I was real busy hooking up two mobile homes to water, sewer and electricity, stretching fence and everything else. The bike was on hold until yesterday. But it gets about 34 miles to the gallon and that's going fast. The faster I go, the better my wife likes it. She rode her horse, the Harley then her horse again yesterday so she had a good day.

Today I'm ordering a wireless doorbell and painting my sign. A lot of people go to the big sand bar just down the road. I'm kicking off River Rat's Tube rental. I'll shuttle them 6 miles upstream and rent them a tube for $15.00. They will wind up back at their car and can ring the bell when they return. I'll give them back the small deposit on the tube. They will have to sign a release of course such as...

I realize that tubing the river can be dangerous. Hazards include, but are not limited to, strong currents, alligators, snakes, powerboats, drunk rednecks, lightning, trot lines, underwater obstructions, flying dragons, aliens, bigfoots, wild animals, whirlpools, parallel universes, black holes, meteorites, comets and other celestial hazards. I release River Rat's Tube Rental from any liability and promise I will not pollute the river.


----------



## The Backward OX (Apr 14, 2011)

What's a trot line?


----------



## Foxee (Apr 14, 2011)

Ditch said:


> Hazards include, but are not limited to, strong currents, alligators, snakes, powerboats, drunk rednecks, lightning, trot lines, underwater obstructions, flying dragons, aliens, bigfoots, wild animals, whirlpools, parallel universes, black holes, meteorites, comets and other celestial hazards.

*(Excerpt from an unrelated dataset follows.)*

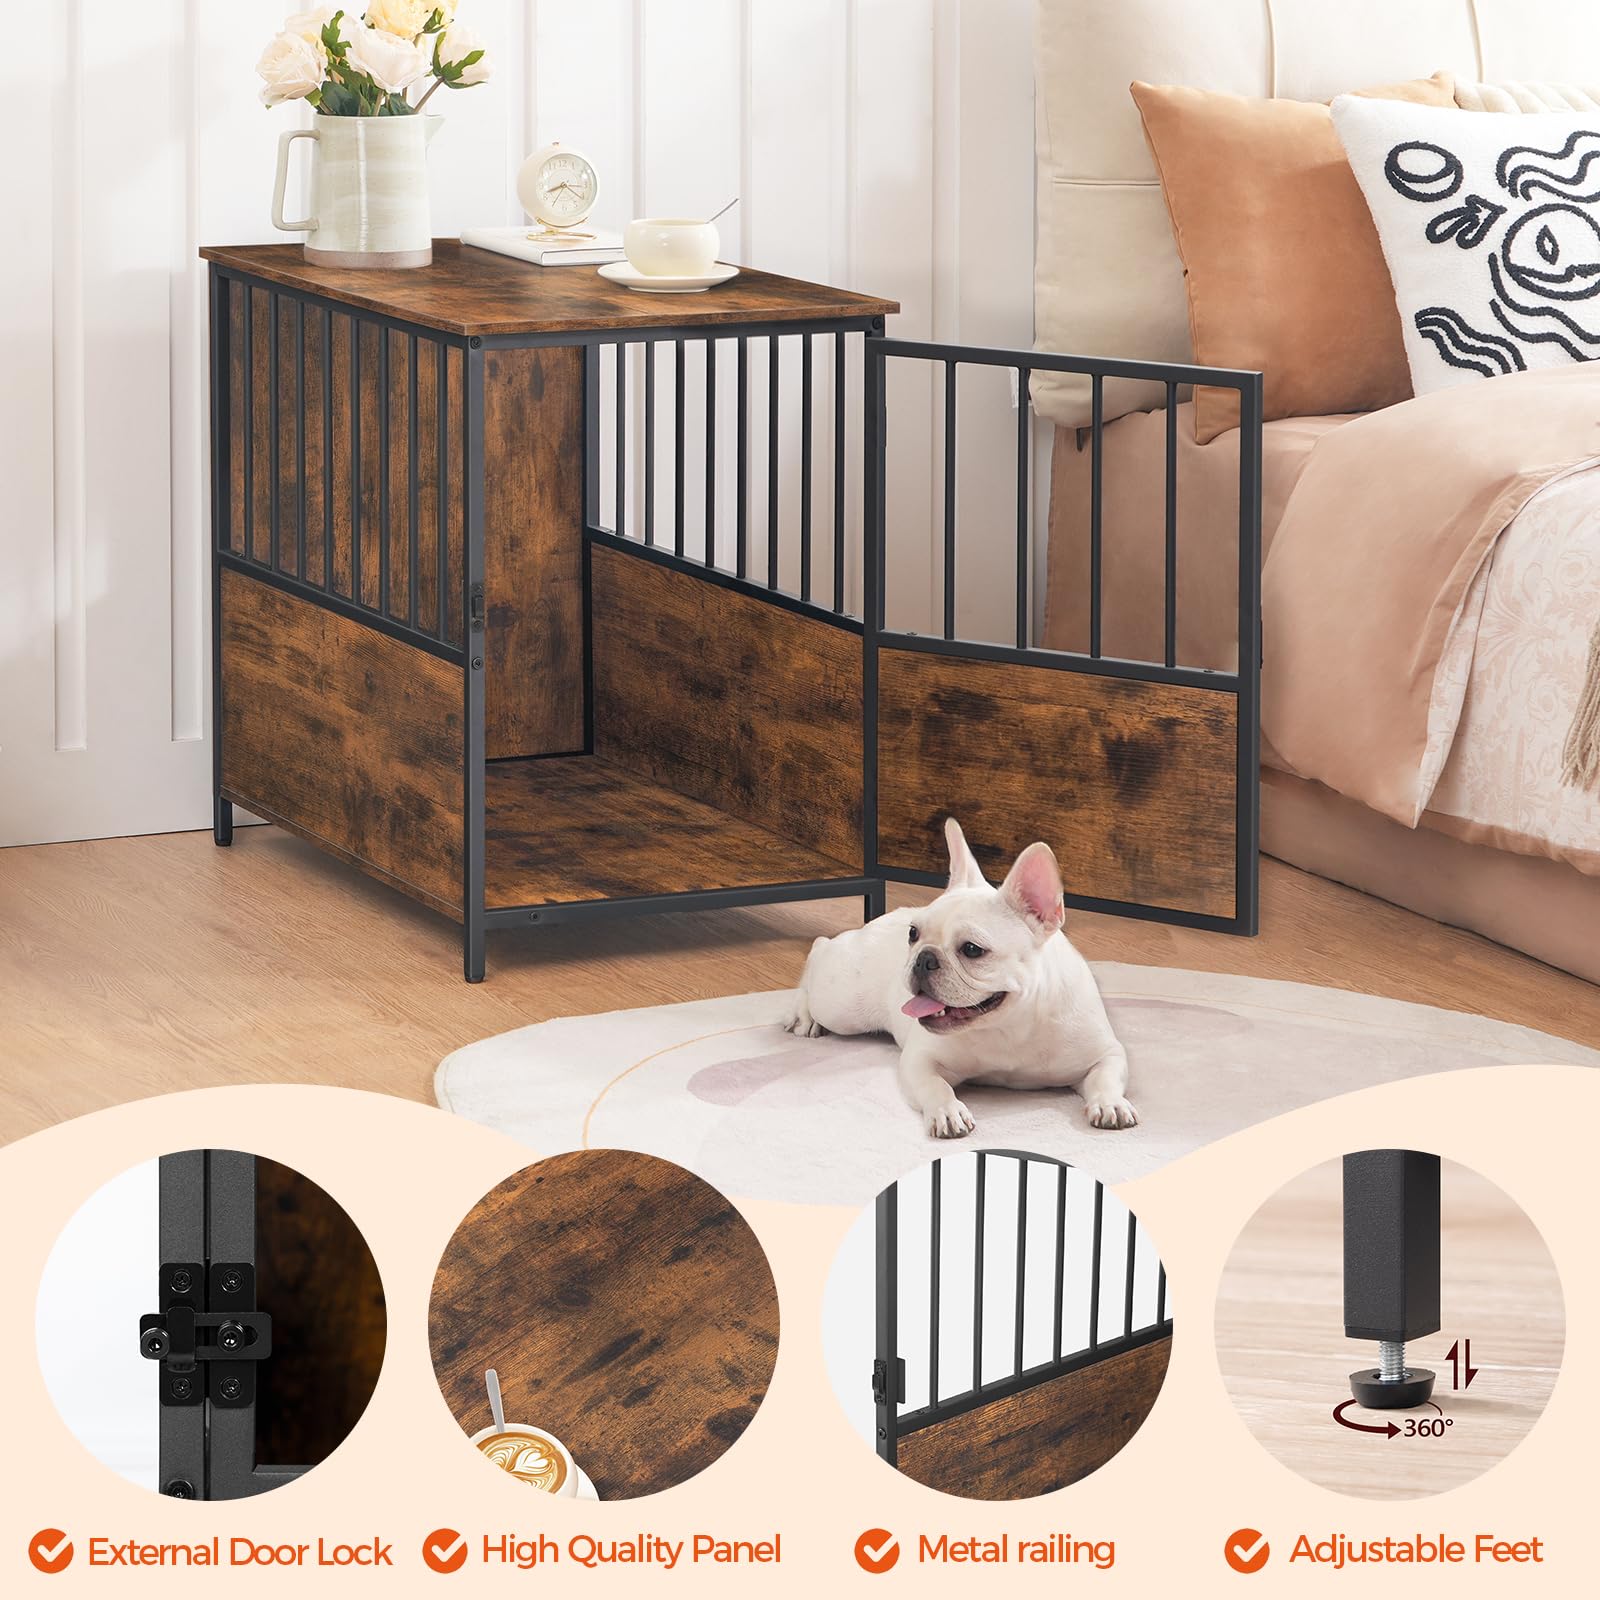 MAHANCRIS Dog Crate Furniture, Wooden Dog Kennel for Small Medium Dogs, Heavy Duty Dog Cage with Lockable Door, Decorative Indoor Dog House End Table, Chew-Resistant, Rustic Brown DCHR6601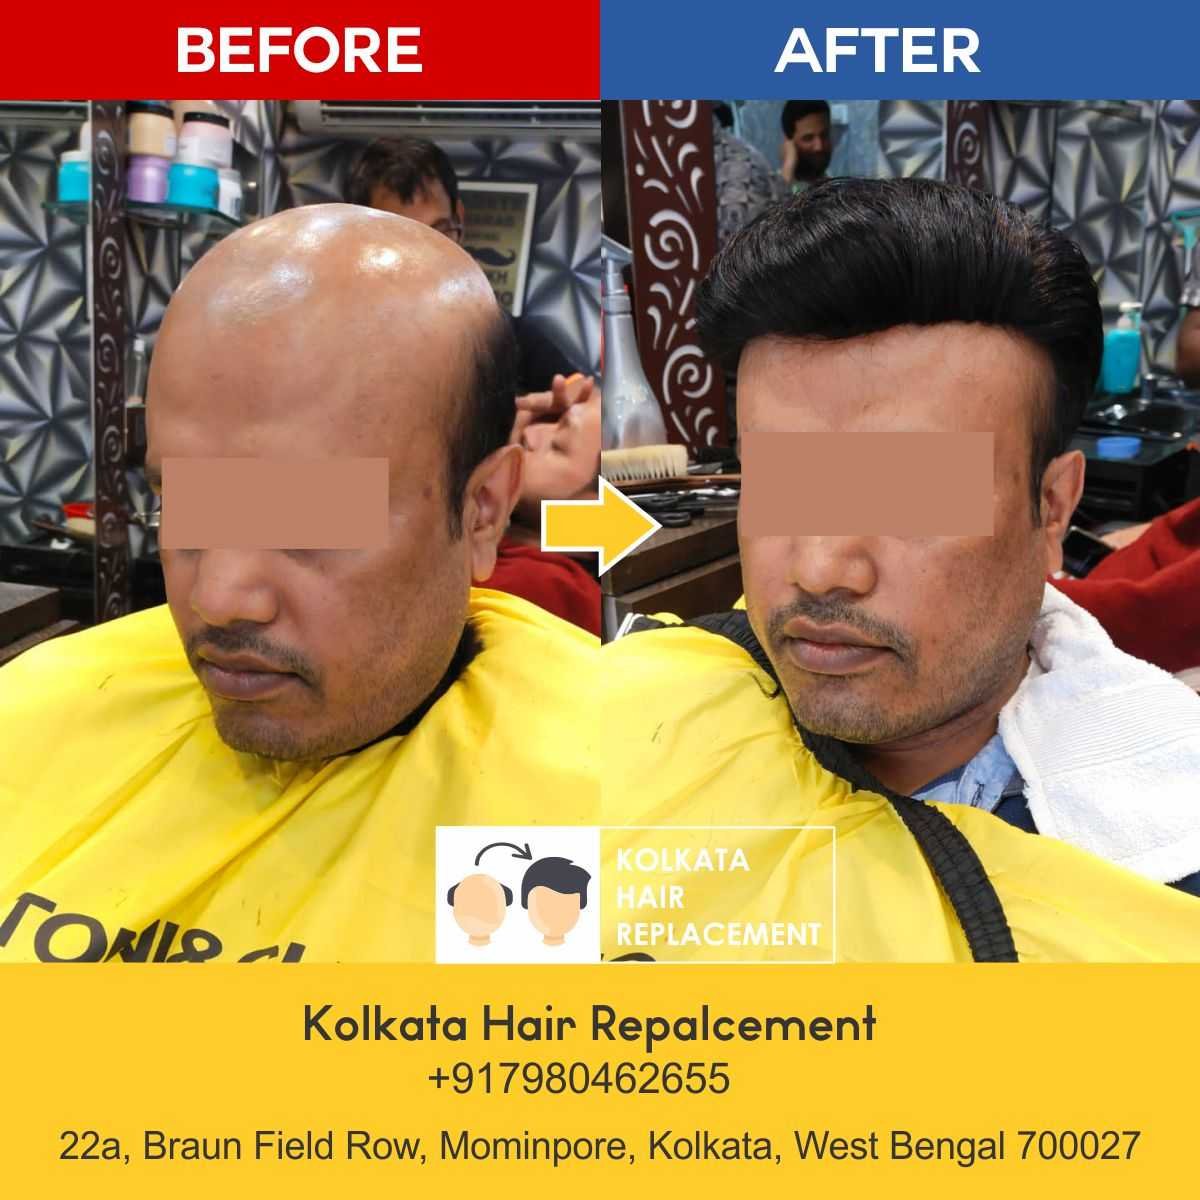 men-hair-wig-patch-kolkata-hair-replacement-before-after-02

I release River Rat's Tube Rental from any liability and promise I will not pollute the river.


 This ought to be on your marketing materials!


----------



## Ditch (Apr 14, 2011)

The Backward OX said:


> What's a trot line?



A long, strong line with drops attached with hooks on them. You bait the hooks with weenies or whatever you want. then tie one end to a tree. You stretch the line out and sink the other end. The next morning you run the line and get your catfish, the girl in the video calls it a "trout line" but it's actually a trot line. look here...YouTube - Blond Girl Trot Lining


----------



## Ditch (Apr 14, 2011)

Actually, if you stay away from the shore, you won't get snagged by a trot line, or a bigfoot.


----------



## Gumby (Apr 14, 2011)

Ditch said:


> Actually, if you stay away from the shore, you won't get snagged by a trot line, or a bigfoot.


 
Well yeah...but you still gotta worry 'bout those aliens beamin' you up.

Nice bike.


----------



## KangTheMad (Apr 14, 2011)

Or black holes spawned by the LHC.

And I agree, that's a nice ride.


----------



## garza (Apr 14, 2011)

But apparently no one here understands potato potato potato.


----------



## Ditch (Apr 14, 2011)

That's the sound of a Harley Garza, there is a hilarious audio of that but I can't find it right now.


----------



## garza (Apr 14, 2011)

Well, you have to qualify a bit. That's the sound of a properly tuned Harley at low idle on a clear cool Spring morning with an endless stretch of open highway waiting for you.


----------



## InsanityStrickenWriter (Apr 14, 2011)

You should all watch the south park harley bike episode


----------



## Deleted member 33527 (Apr 14, 2011)

You look like Hulk Hogan! 

Nice bike. I love the color.


----------



## garza (Apr 14, 2011)

What is south park?


----------



## JosephB (Apr 14, 2011)

The word "episode" should give you a clue. And if you figured it out -- you can tell us again how you haven't watched TV since 1957.


----------



## Custard (Apr 15, 2011)

You haven' heard of south park? Its something like a more voilent and funnier version of The Simpsons. definetely something a person should watch for a laugh.


----------



## garza (Apr 15, 2011)

That's a big help. 

It's true there were episodes of tv shows in the 50s, so you're saying I'm supposed to assume it's a tv show, but there were also episodes of radio shows and movie seriels and comic strips. Now assuming it's a tv show, what's the premise that would make it an interesting setting for an episode about a Harley-Davidson motorcycle? If I tell you _The Phil Silvers Show_ was a tv series, that dosen't tell you much. But when I tell you _The Phil Silvers Show_ was a comedy series about a scheming platoon sergeant at a backwater army base whose oddball ideas were constantly getting him into trouble, then you would have some useful information. An episode of _The Phil Silvers Show_ involving a Harley-Davidson motorcycle would most likely involve Sergeant Bilko and his platoon using a motorcycle to try and cheat someone but in the end being cheated themselves.  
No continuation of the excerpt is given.